Let's instatiate the model and associated objects. We can also take a look at what the Guided GAE architecture looks like. The key daddition to this model is that it also allows the VGAE to use graph-wide edge properties to guide the reconstruction of the adjacency matrix.

In [None]:
device = torch.device('cuda' if torch.cuda.is_available() else 'cpu')

in_channels = benign_graphs[0].x.size(1)
hidden_channels = 256
edge_attr_dim = 3
global_emb_dim = 128

encoder = GATEncoderWithEdgeAttr(in_channels, hidden_channels, edge_attr_dim)
global_edge_embedding = GlobalEdgeEmbedding(edge_attr_dim, global_emb_dim)
decoder = DecoderWithGlobalEdge(hidden_channels, edge_attr_dim, global_emb_dim)
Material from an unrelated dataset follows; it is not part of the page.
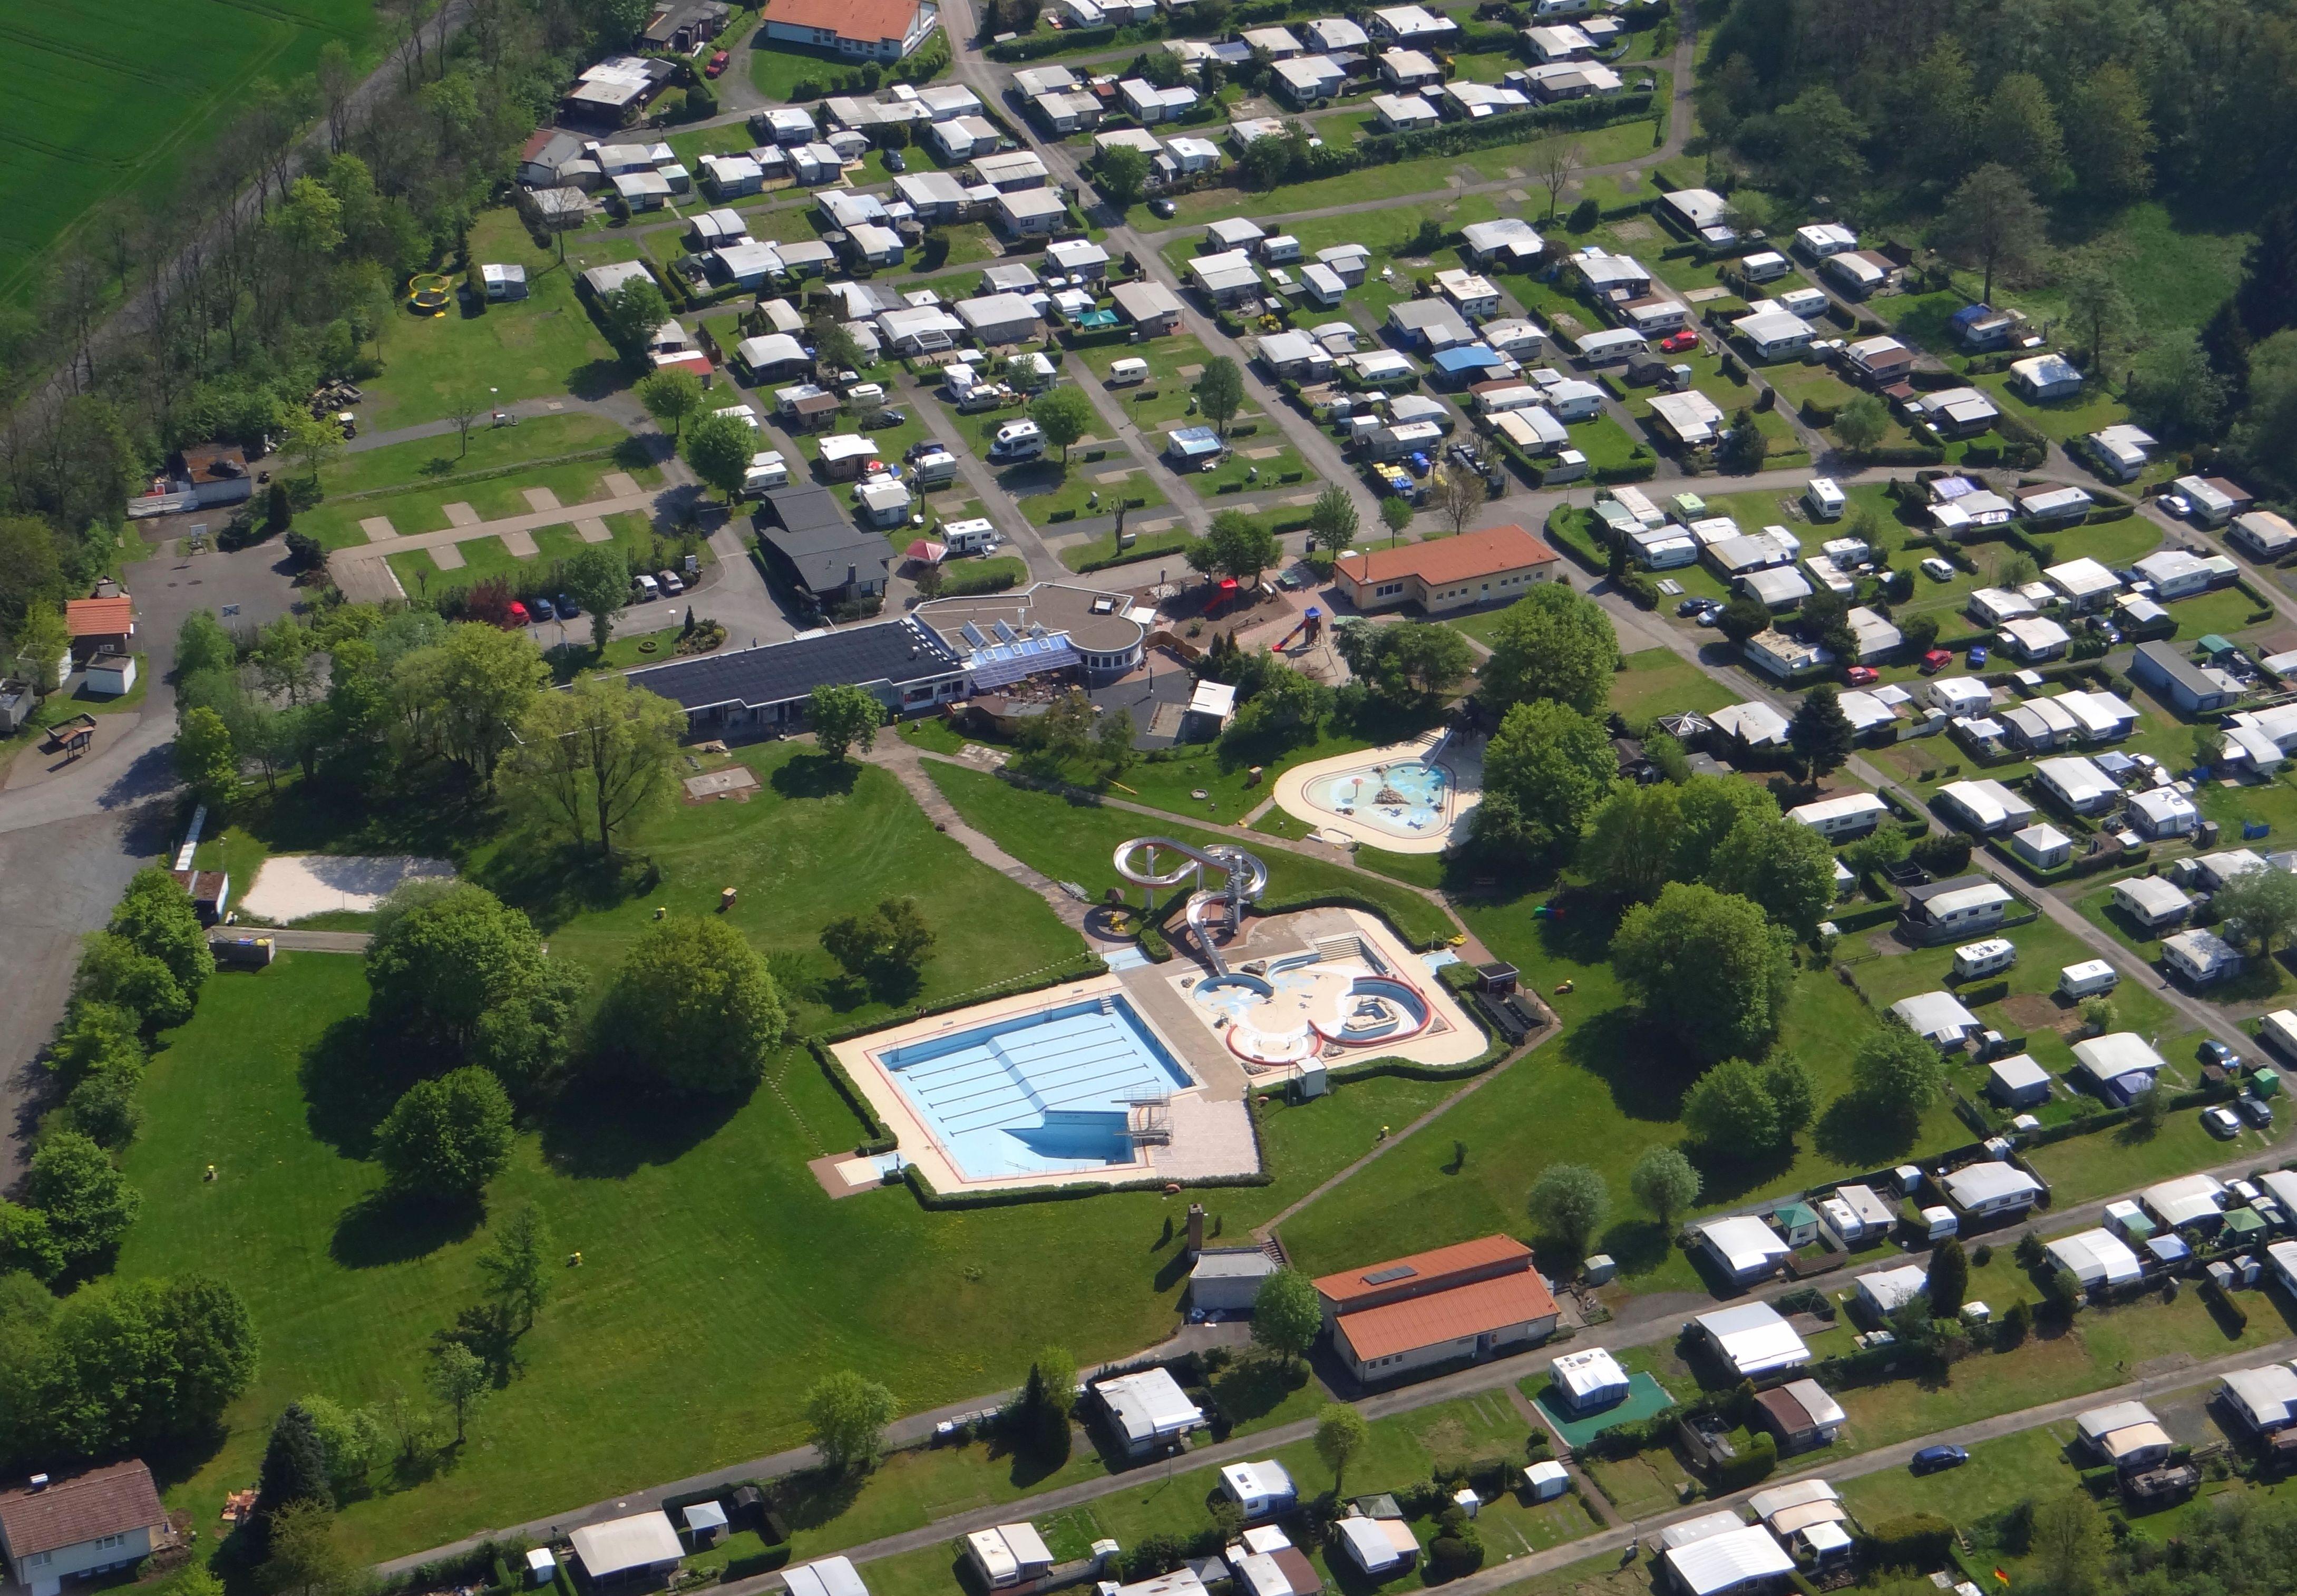 Luftaufnahme vom Campingplatz Dransfeld

model = GAEWithGlobalEdge(encoder, decoder, global_edge_embedding).to(device)
optimizer = torch.optim.AdamW(model.parameters(), lr=0.003)
scheduler = torch.optim.lr_scheduler.CosineAnnealingLR(optimizer, 5)

model

We notice that the GAE has encoder and decoder blocks. 

The model architecture is composed of an encoder, a global edge embedding module, and a decoder, all integrated to form a Graph Autoencoder (GAE)-like framework that incorporates global edge-level context.

The encoder, defined by `GATEncoderWithEdgeAttr`, takes node and edge attributes and transforms them into latent node embeddings. It first applies a `GATv2Conv(32, 256, heads=4)`, which uses multi-headed attention (4 heads) to produce a total of `1024` features from `32` input features per node (4 heads × 256 features each). Unlike a standard GAT layer, this variant can incorporate edge attributes into the attention mechanism, allowing the attention weights to depend on both node and edge-level information. The resulting embeddings are normalized with a `BatchNorm1d(1024)` operation to stabilize training. Next, a `GraphUNet(1024, 256, 256, depth=3, pool_ratios=[0.5, 0.5, 0.5])` is applied, providing a hierarchy of pooling and unpooling steps to capture multi-scale graph structure and produce refined 256-dimensional embeddings. This multi-resolution representation helps the encoder capture both local connectivity patterns and more global topological features.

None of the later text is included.